He didn’t divide religion from state laws – because it isn’t really possible to do so. We need to be clear here…It is a foolish errand to attempt to divorce religion from the state – simply because state laws are formed as a reflection of moral precepts that are deeply rooted in religious life.
Americans today aren’t truly trying to separate church and state- they are trying to replace WHICH “church” the modern state follows. They prefer the moral relativism of today’s experts in atheistic humanist lab coats, not what appears to be archaic Biblical precepts. When people argue for “separation of church and state”, they are not arguing that NO moral precepts under gird civil law, they are arguing that they don’t like the moral precepts upon which our laws have historically been based. They chip away at the foundation, supposing they are gaining more personal freedom by dislodging the Biblical root of our jurisprudence.

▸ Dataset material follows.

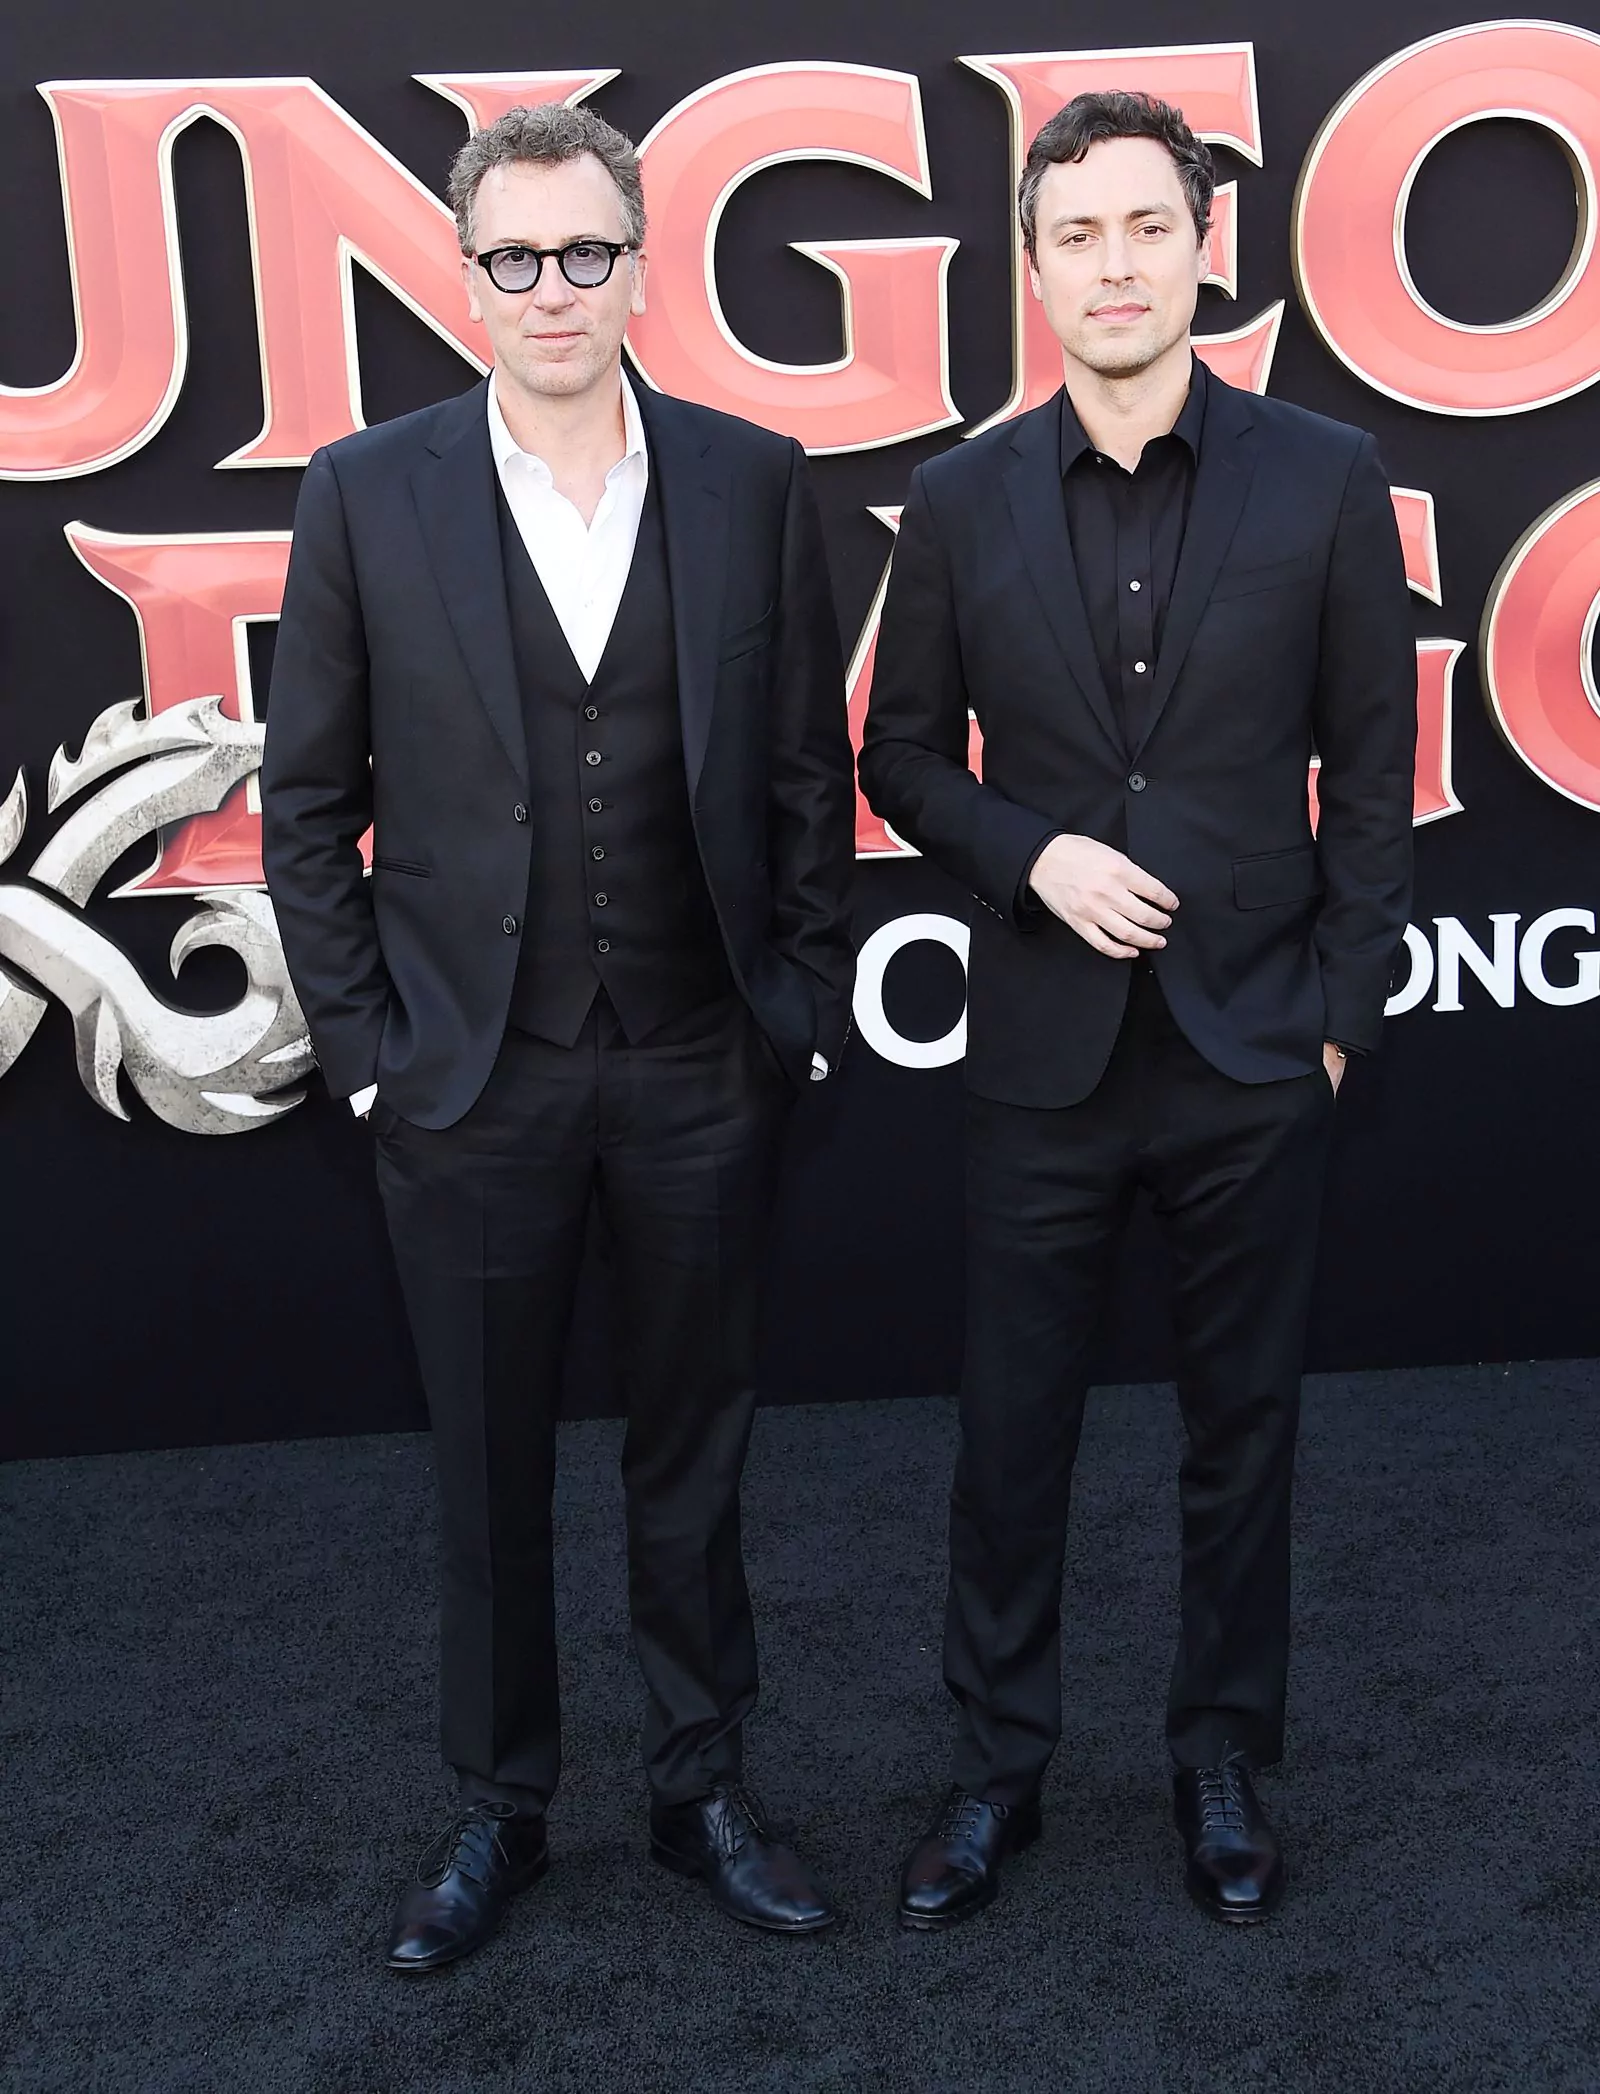 Jonathan Goldstein and John Francis Daley attend the premiere of Dungeons & Dragons: Honor Among Thieves in Los Angeles on March 26, 2023.

With each decade we spend more and more to keep ourselves safe in a society that cannot agree on the simplicity of what is “good” and “right”. We cannot agree on the most basic protections and principles. In our unbounded celebration of growing American diversity, we seem to have lost our essential core value system – and we cannot find common ground with our own founders.
In point of fact, all laws are rooted in moral principle – and the modern attempts are nothing more than merely dislodging the Biblical foundation and replacing it with a new national religion – naturalistic humanism.
I am not arguing that there is no difference between the law of the state and the Bible, I am arguing as did President Washington – that state morality was intended to be rooted in Biblical precept. He said: “It is the duty of all nations to acknowledge the providence of Almighty God, to obey His will, to be grateful for His benefits, and humbly to implore His protection and favor.” (George Washington). Those who long to preserve the Biblical foundation to our state heritage are not trying to change the country – we are resisting the replacement of the ethical system upon which our laws are based.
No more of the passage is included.